(What you will do):
Begin your transcription at the line containing "Dallas Cowboys quarterback" and continue it, word for word, to the final line below. Include only those lines and skip the pictures.

(Provided data):
# # # #
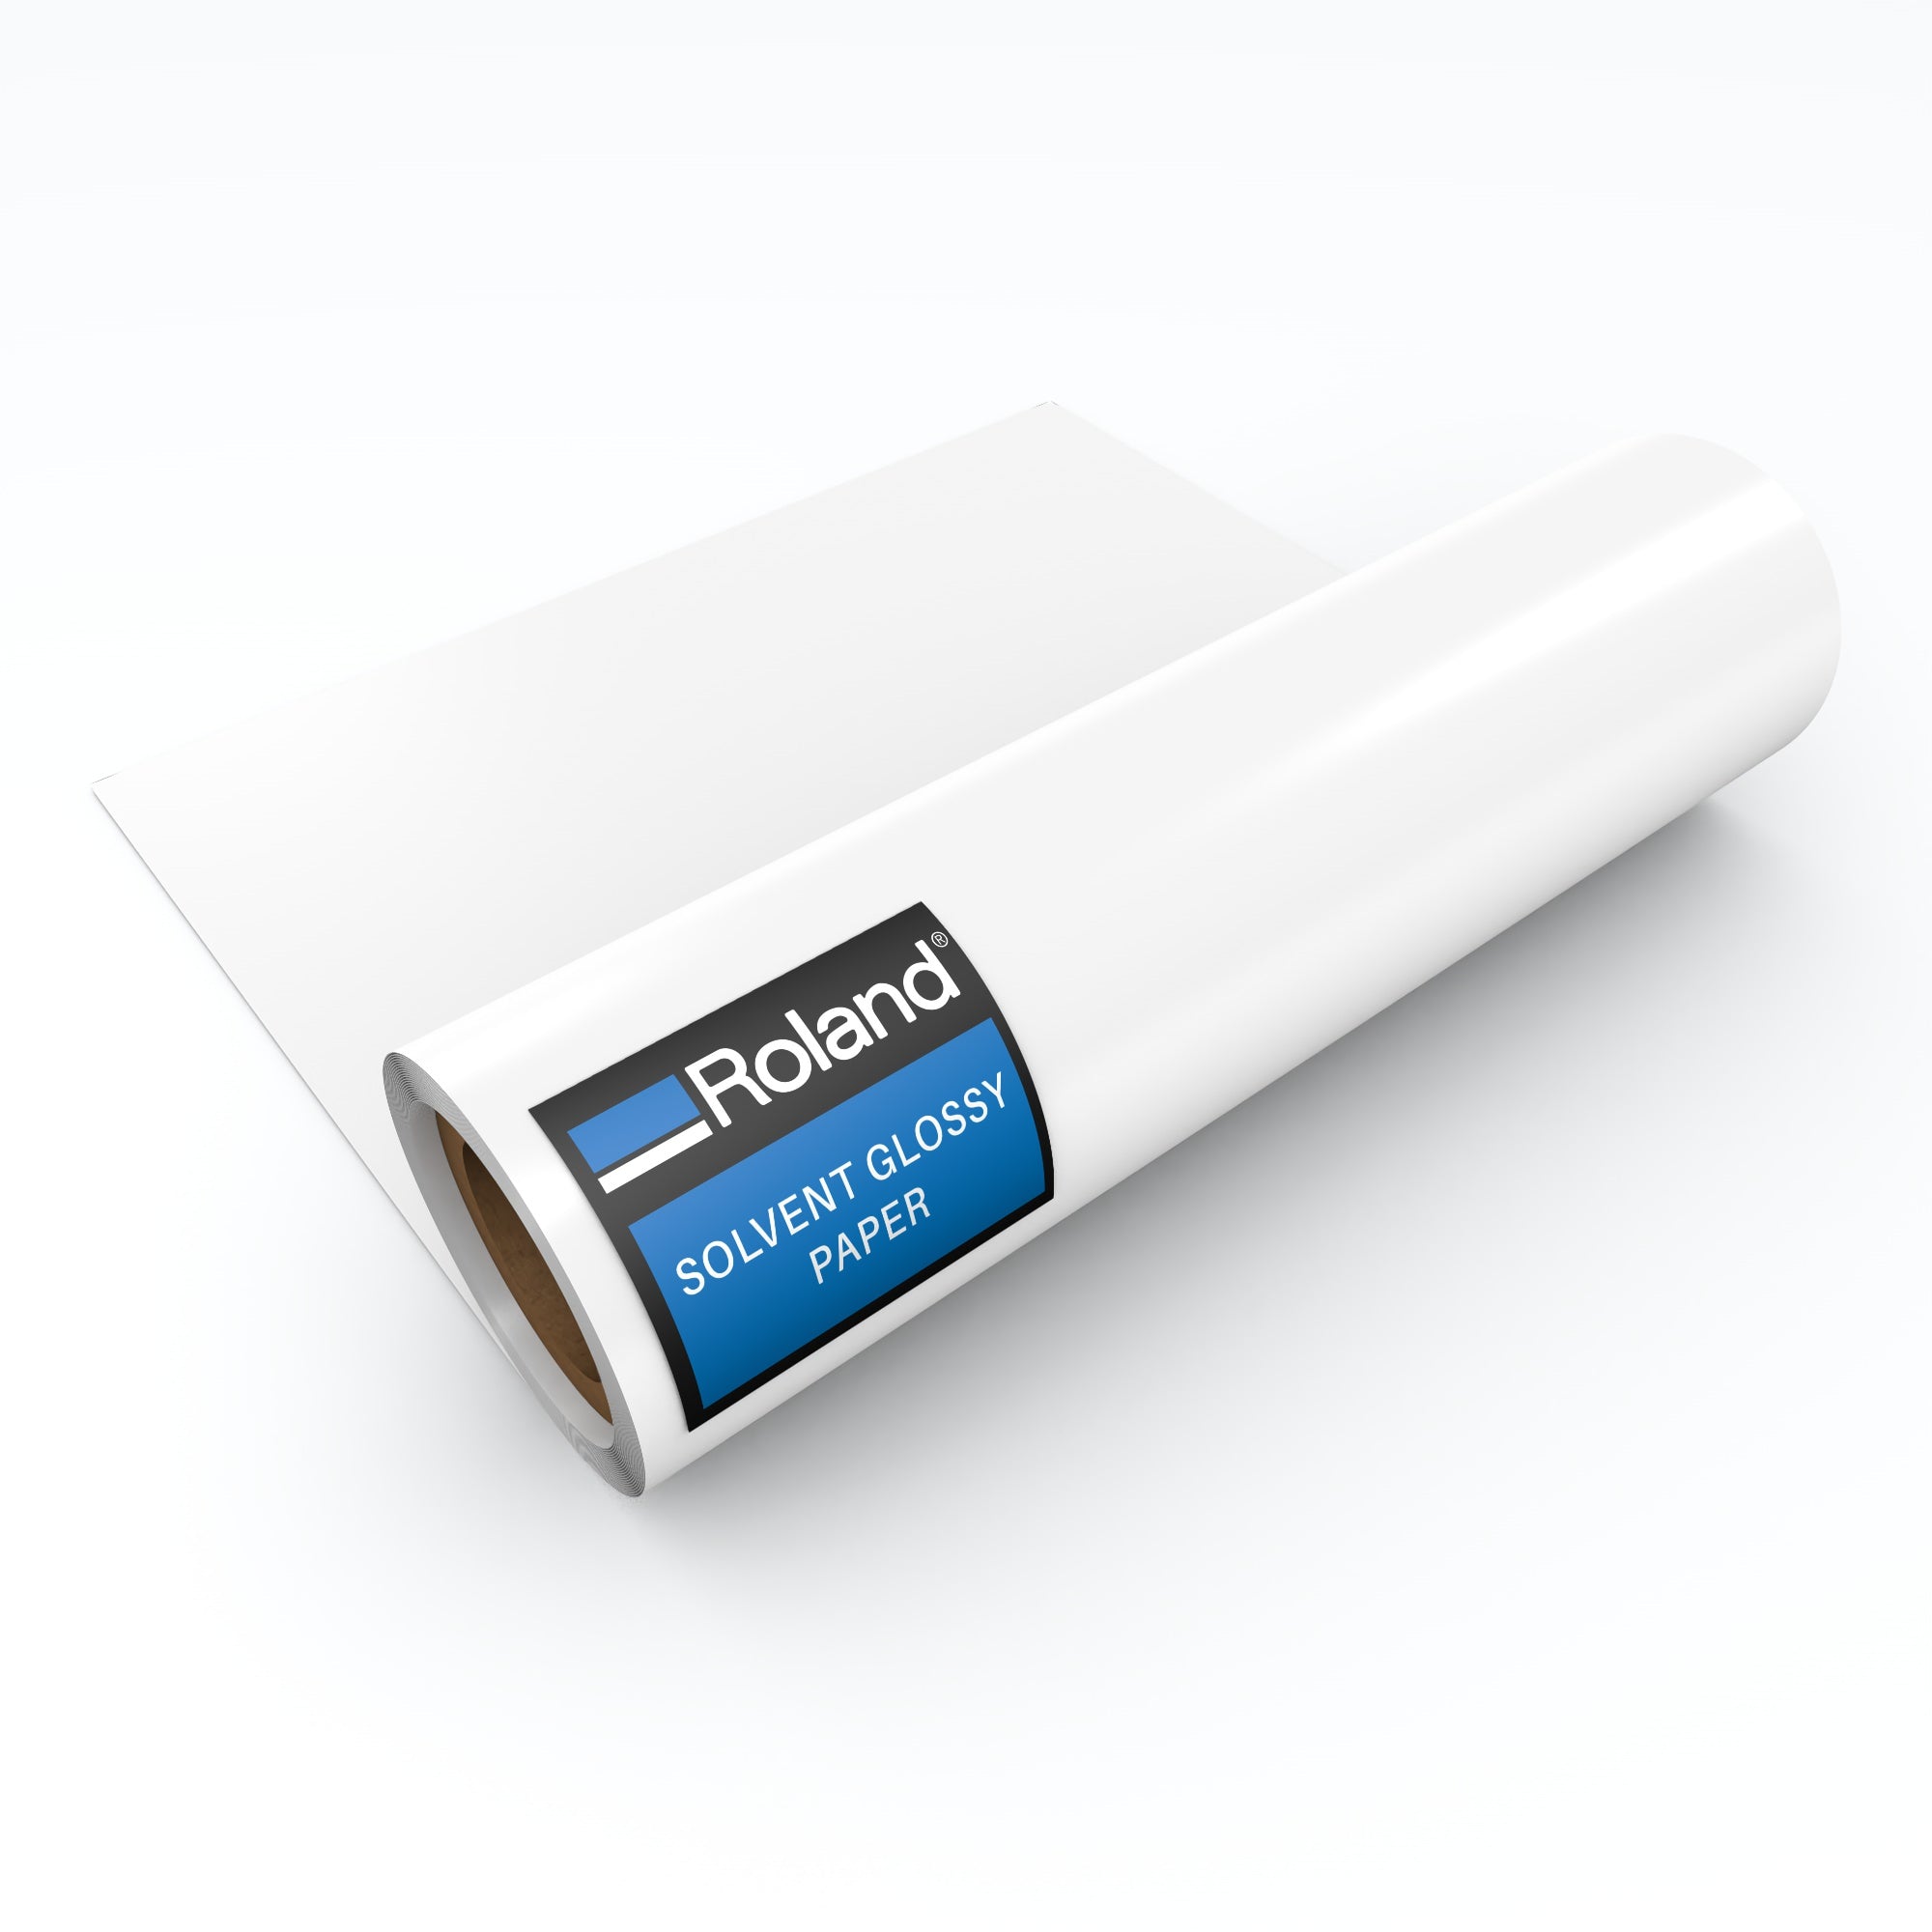 Roland solvent glossy paper 30 inches wide
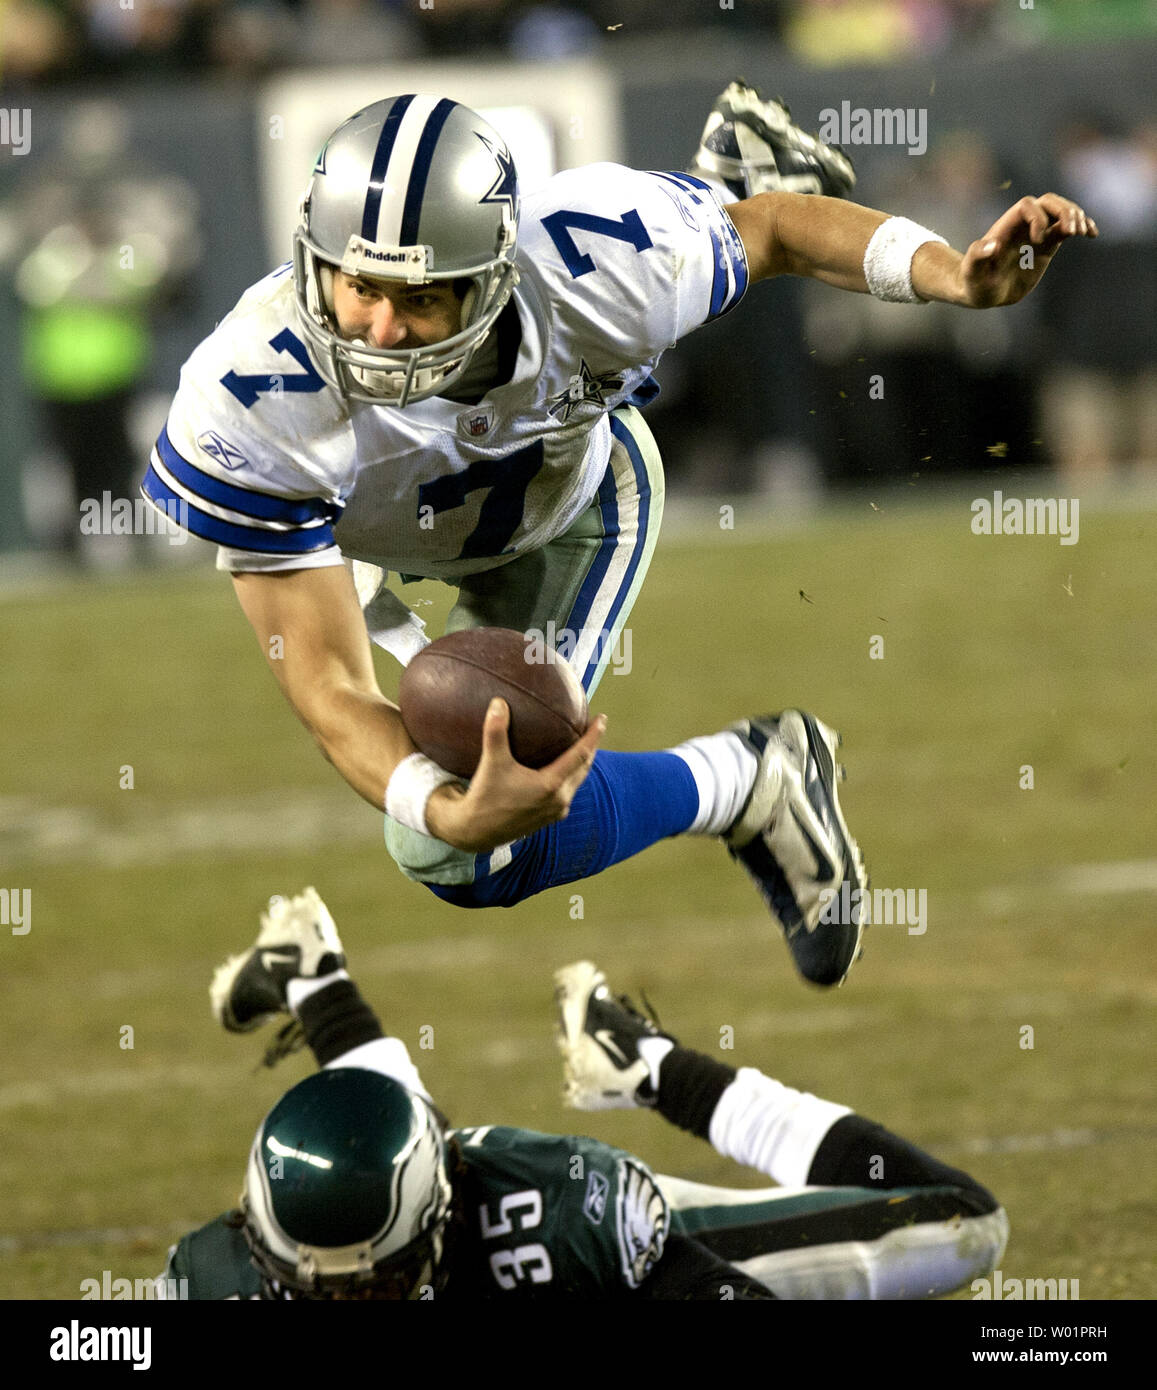 Dallas Cowboys quarterback Stephen McGee sails through the air over Philadelphia Eagles cornerback Trevard Lindley after Lindley tripped him up trying to tackle him in fourth quarter Philadelphia Eagles-Dallas Cowboys game action in Philadelphia at Lincoln Financial Field January 2, 2011. McGee gained 14-yards on the play.      UPI/John Anderson Stock Photo
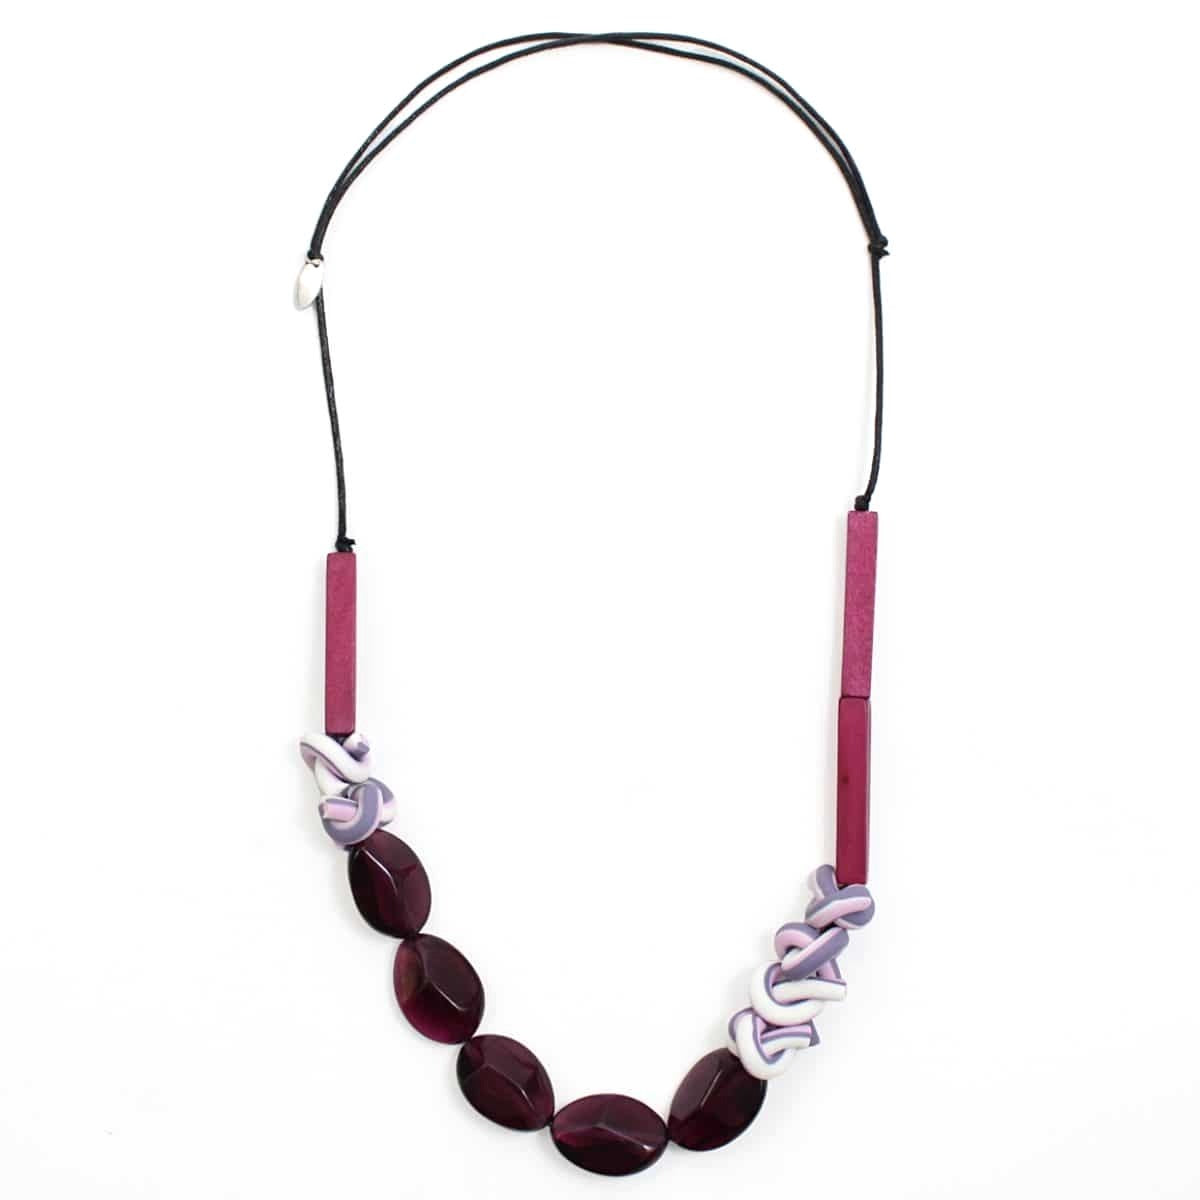 Shades of Purple Shea Necklace by Sylca Designs
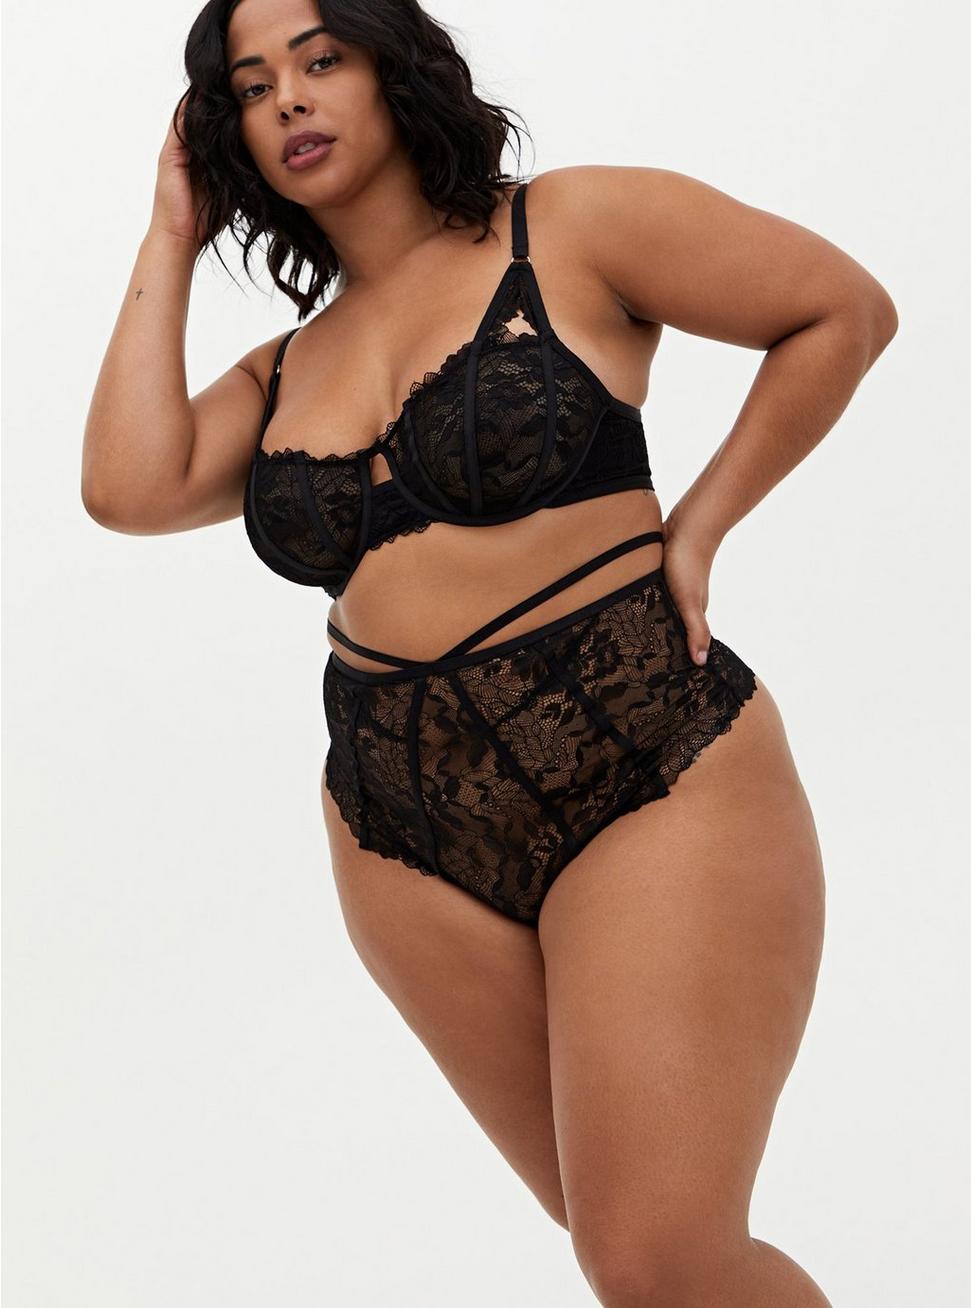 Plus Size - Black Lace Strappy Open Back High Waist Thong Panty - Torrid
# # # #
(Task solution):
 Dallas Cowboys quarterback Stephen McGee sails through the air over Philadelphia Eagles cornerback Trevard Lindley after Lindley tripped him up trying to tackle him in fourth quarter Philadelphia Eagles-Dallas Cowboys game action in Philadelphia at Lincoln Financial Field January 2, 2011. McGee gained 14-yards on the play.      UPI/John Anderson Stock Photo
 Shades of Purple Shea Necklace by Sylca Designs
 Plus Size - Black Lace Strappy Open Back High Waist Thong Panty - Torrid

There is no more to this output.